From: Timothy Miller <miller@techsource.com>
To: Peter Kjellerstedt <peter.kjellerstedt@axis.com>
Cc: linux-kernel mailing list <linux-kernel@vger.kernel.org>
Subject: Re: generic strncpy - off-by-one error
Date: Fri, 15 Aug 2003 13:47:15 -0400 [thread overview]
Message-ID: <3F3D1CA3.7050702@techsource.com> (raw)
In-Reply-To: D069C7355C6E314B85CF36761C40F9A42E20B5@mailse02.se.axis.com
Peter Kjellerstedt wrote:
>>While I can understand that certain architectures may benefit
>>from that alteration, I am curious as to what SPECIFICALLY it
>>is doing that is different. How do they differ?
>
>
> I do not know if this will give you anything, but here is
> the disassembled CRIS version of your first while loop
> (note that the branch instructions have one delay slot,
> and that dest, src and count are in $r10, $r11 and $r12):
>
> while (count && *src)
> 805d8: 6cc6 test.d $r12
> 805da: 1830 beq 805f4
> 805dc: 6a96 move.d $r10,$r9
Ok, test count and exit if count is zero.

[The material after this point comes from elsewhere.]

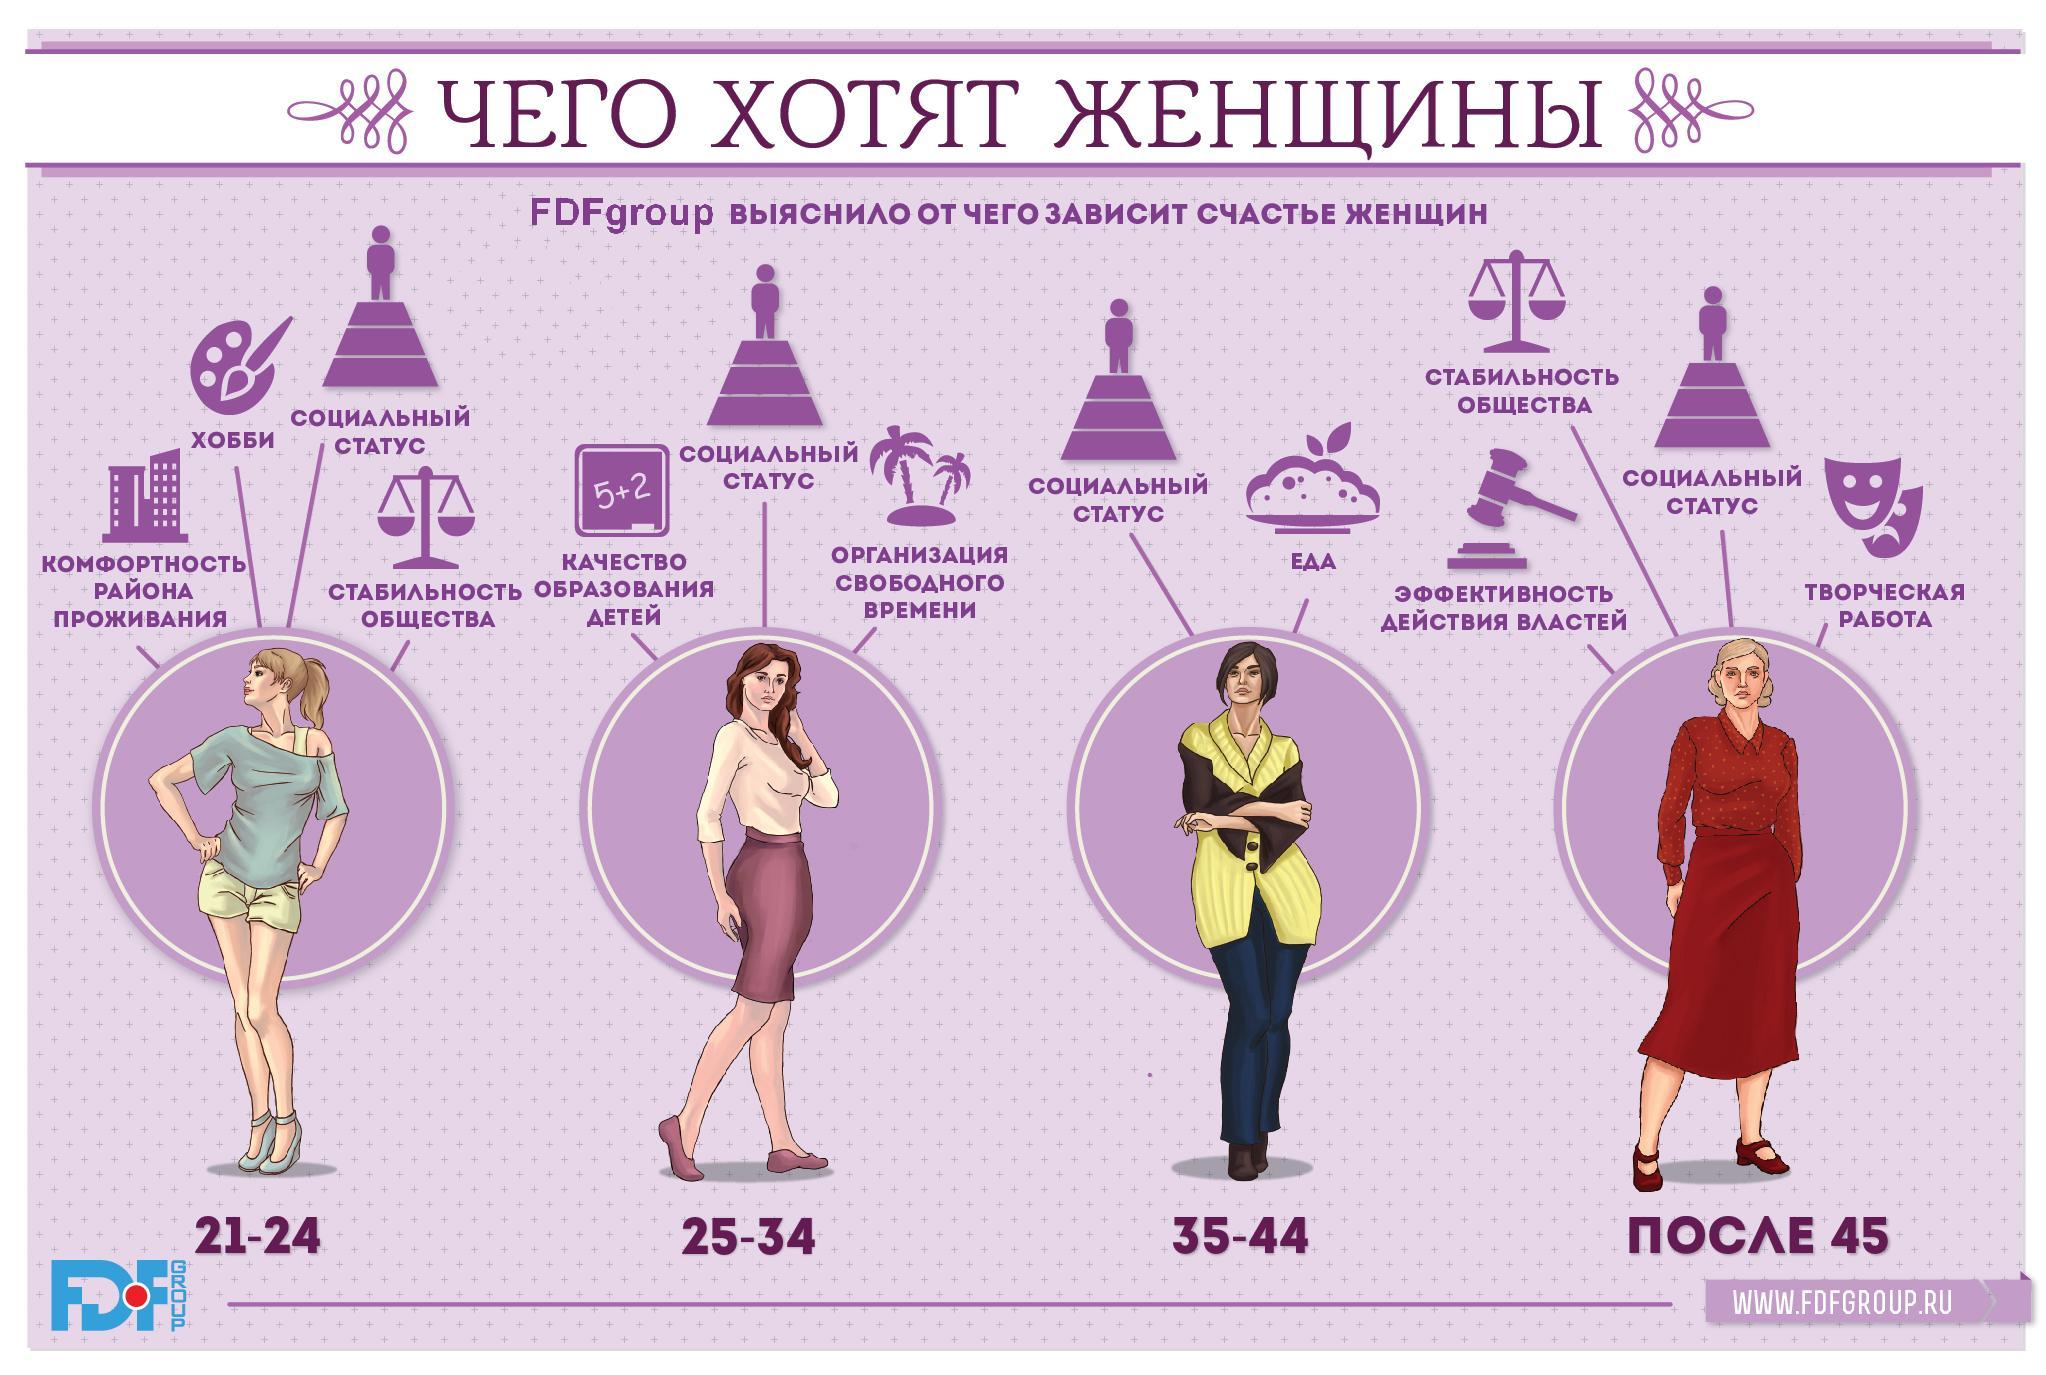 чего хотят женщины разного возраста

I take it that this move is the copy of the dst to a temporary variable?
> 805de: 8b0b test.b [$r11]
> 805e0: 1230 beq 805f4
> 805e2: 0f05 nop
Test *s and exit if zero.
> {
> count--;
> 805e4: 81c2 subq 1,$r12
> *tmp++ = *src++;
> 805e6: 4bde move.b [$r11+],$r13
Fetch *s and increment. This is redundant. Why didn't it know to fetch
*s above and keep it in a register?
> 805e8: 6cc6 test.d $r12
> 805ea: 0830 beq 805f4
> 805ec: c9df move.b $r13,[$r9+]
Test count and exit if count is zero. Why is it doing this again? Why
not jump back to the top? Oh, wait... in that case, for the loop to
exit, it would jump to the top and then jump back to past the end,
rather than just failing one branch.
I see that the delay slot was filled with the store to *dst. But is
there also some pipeline latency that makes this worth while?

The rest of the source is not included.